> [Problem requirements] Only the lines from the "Babies clothes by Supertooper" line through the last line of the material below belong in the answer, reproduced exactly and with no pictures.
** Input data follows **
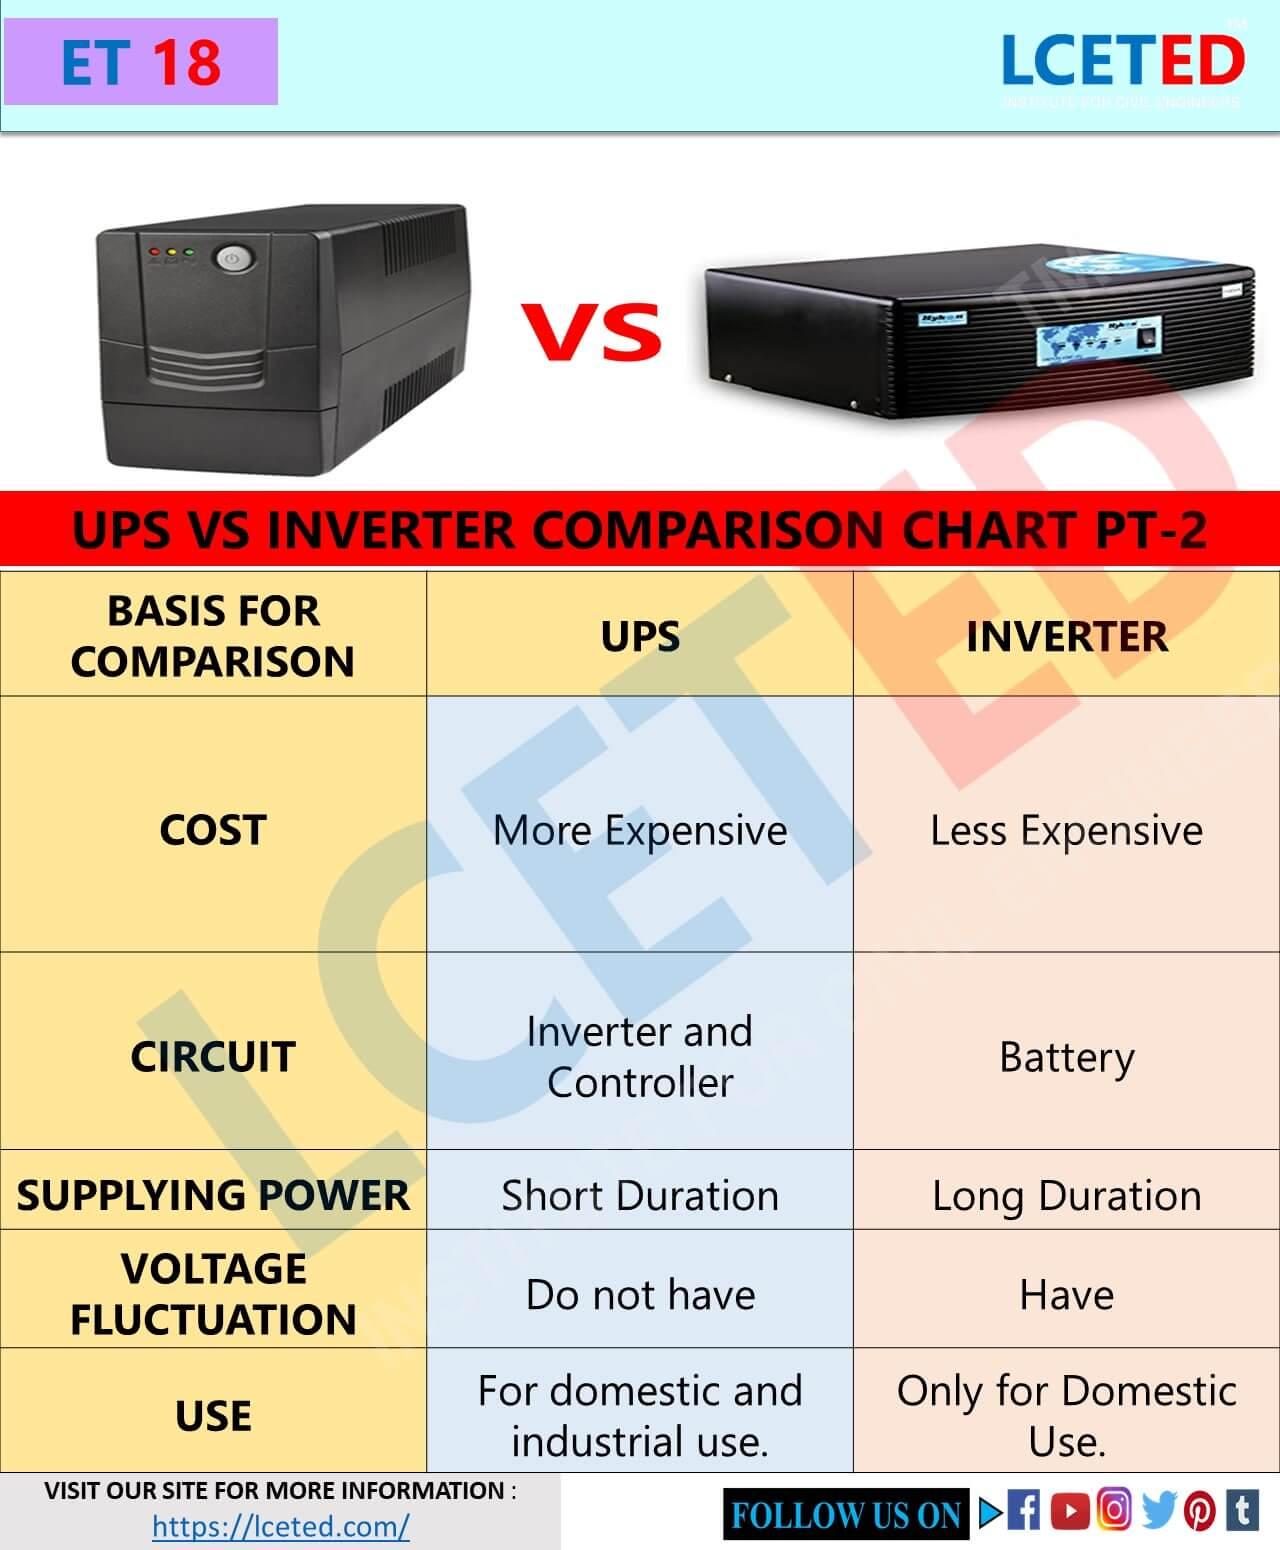 Comparison Between UPS And INVERTER
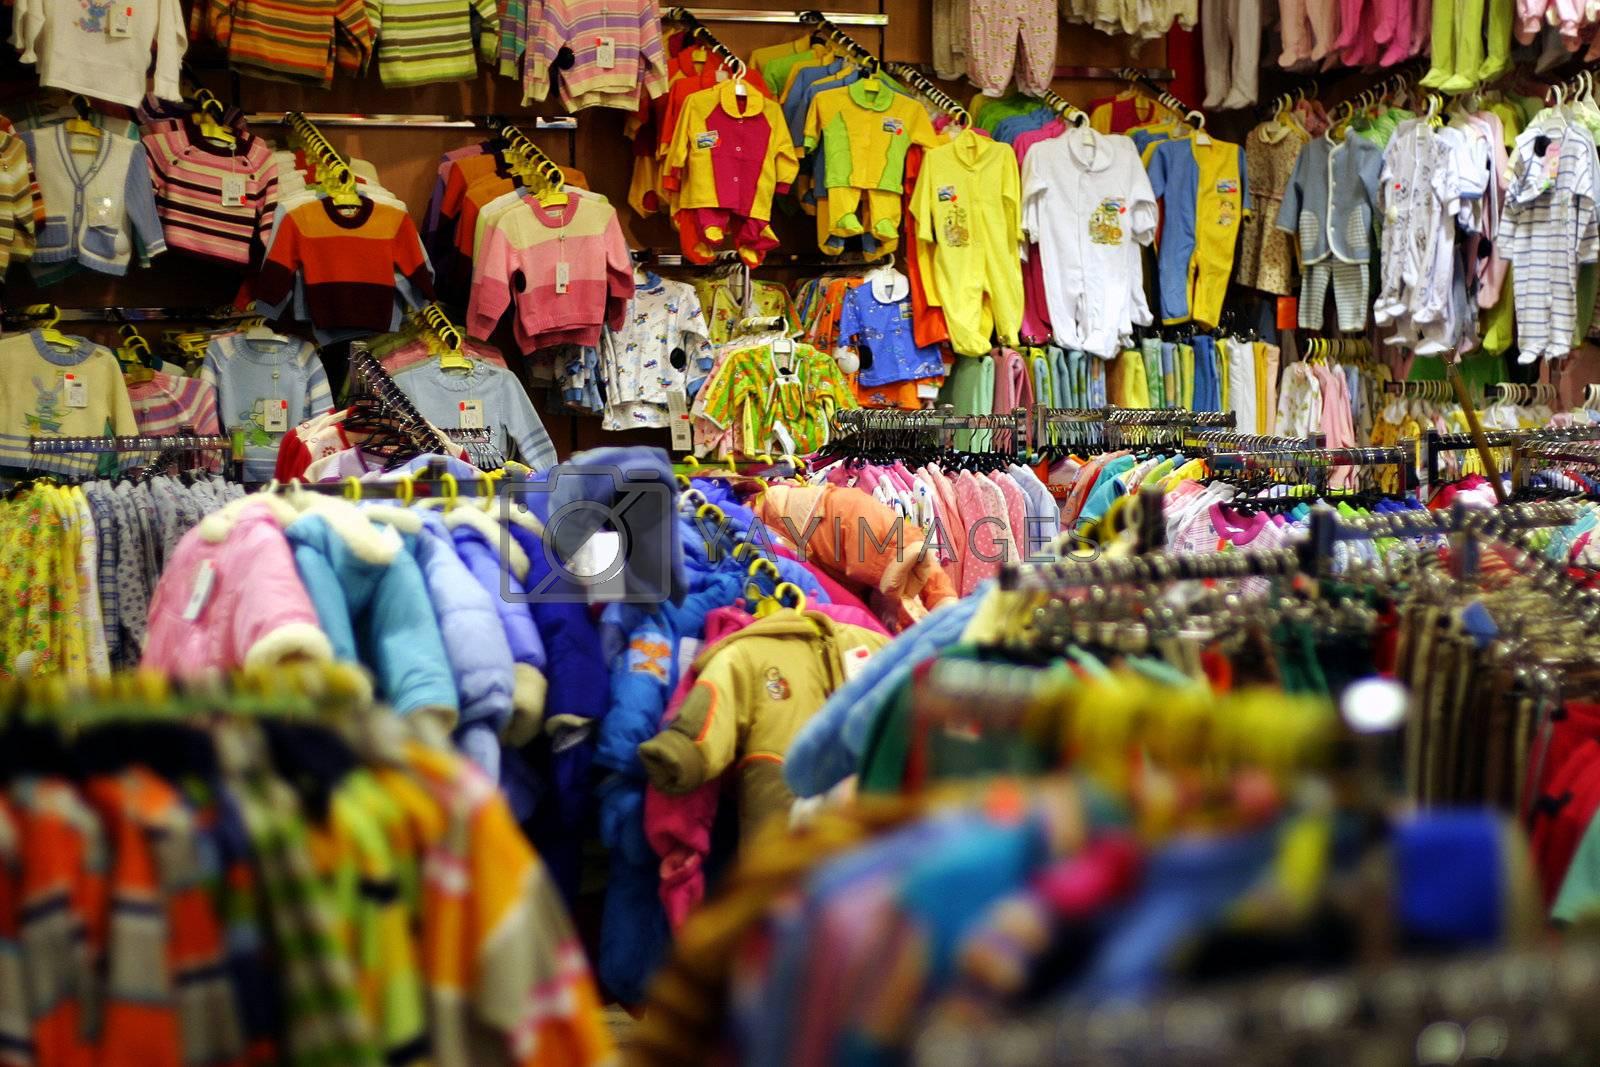 Babies clothes by Supertooper
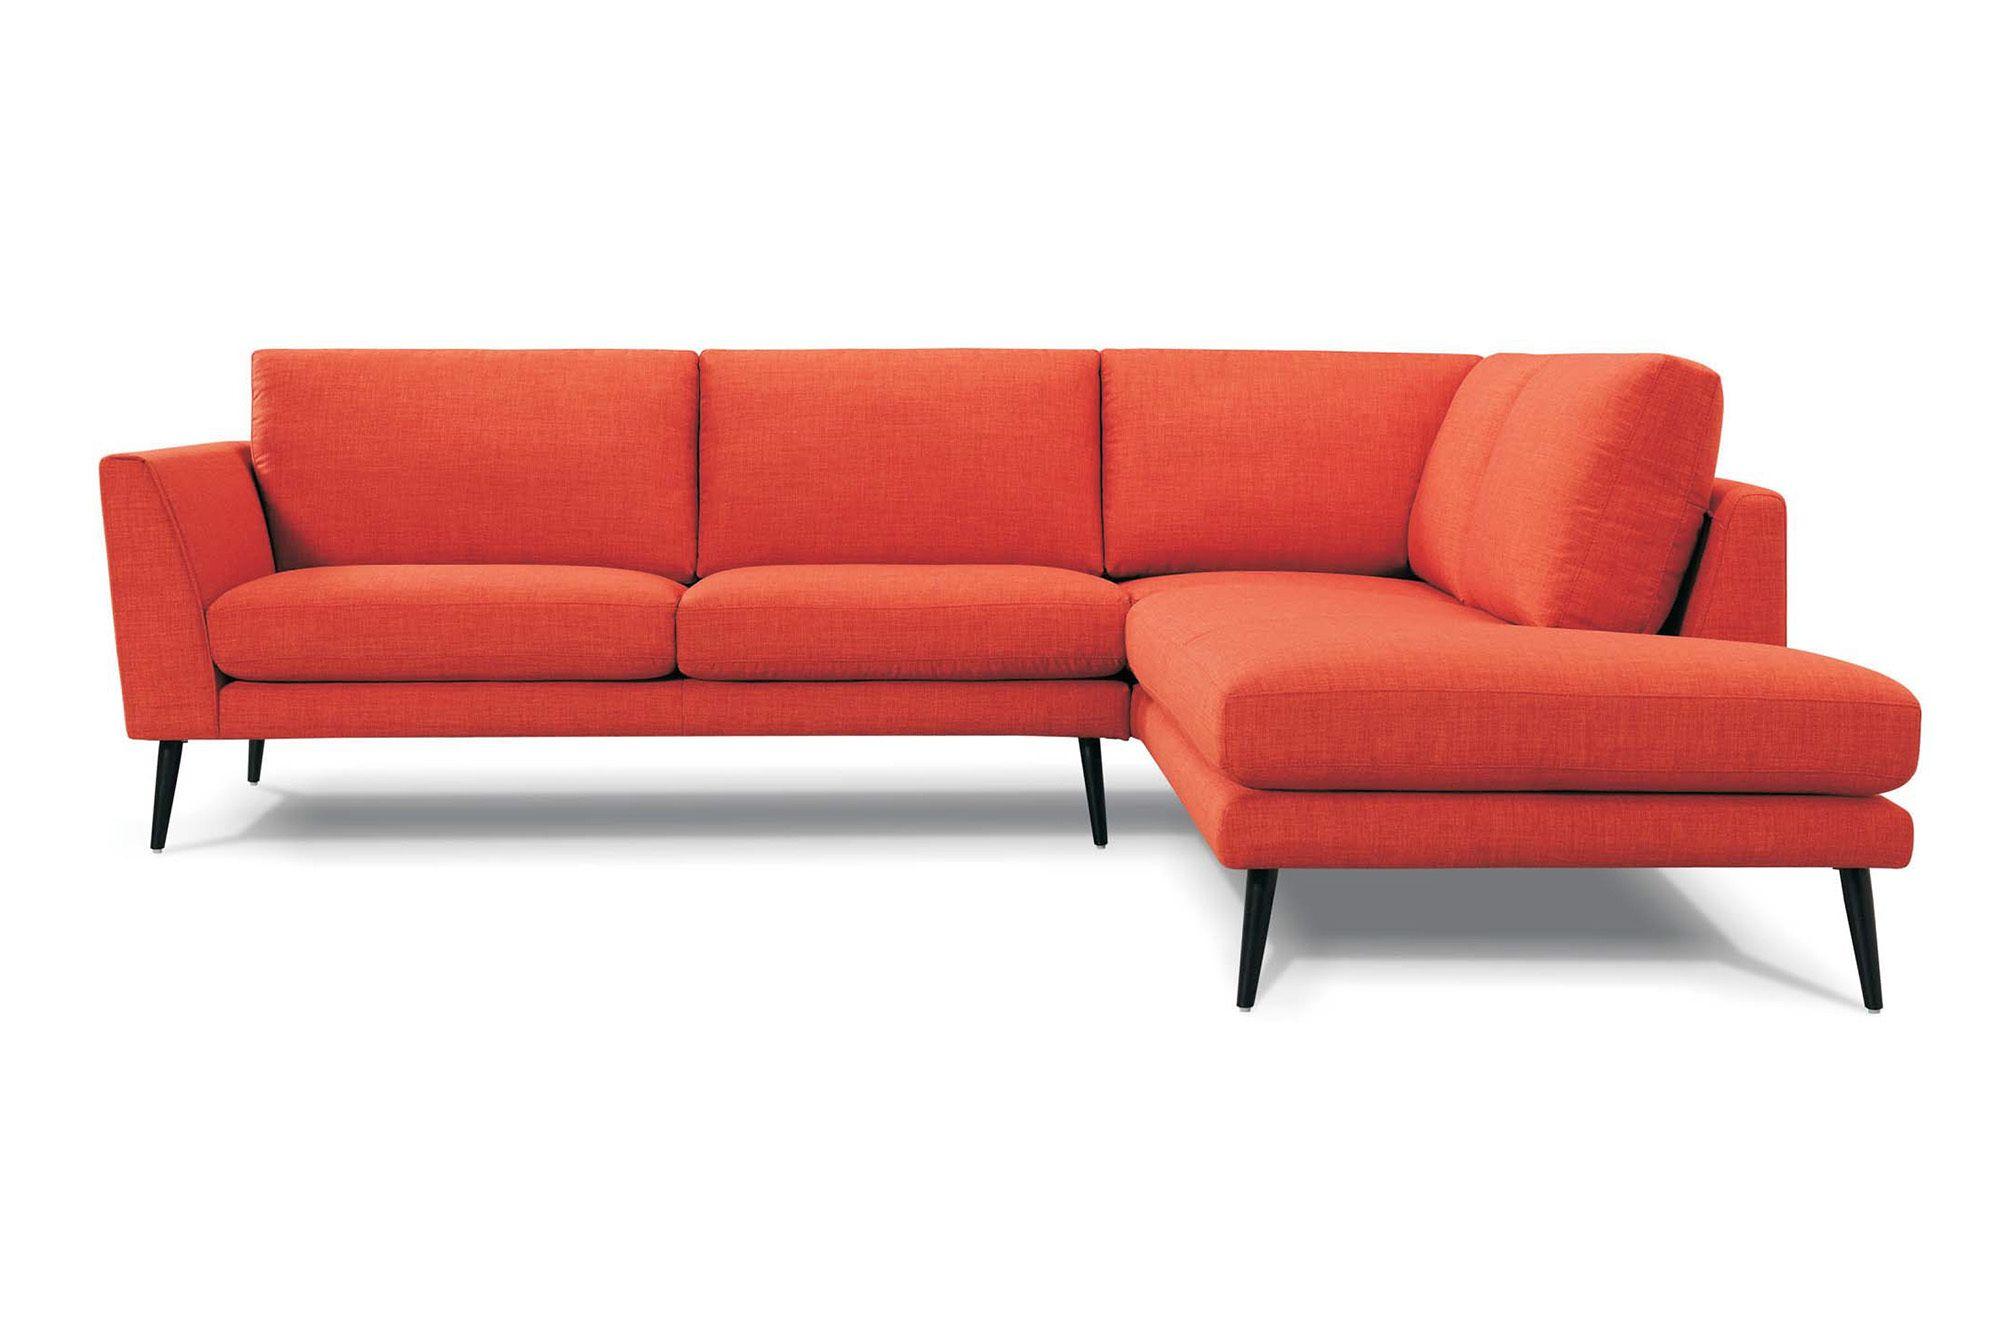 Fresno Lounge Suite | Bradfordu0027s Furniture, ...
** End of Input data **
> [Completed exercise]
 Babies clothes by Supertooper
 Fresno Lounge Suite | Bradfordu0027s Furniture, ...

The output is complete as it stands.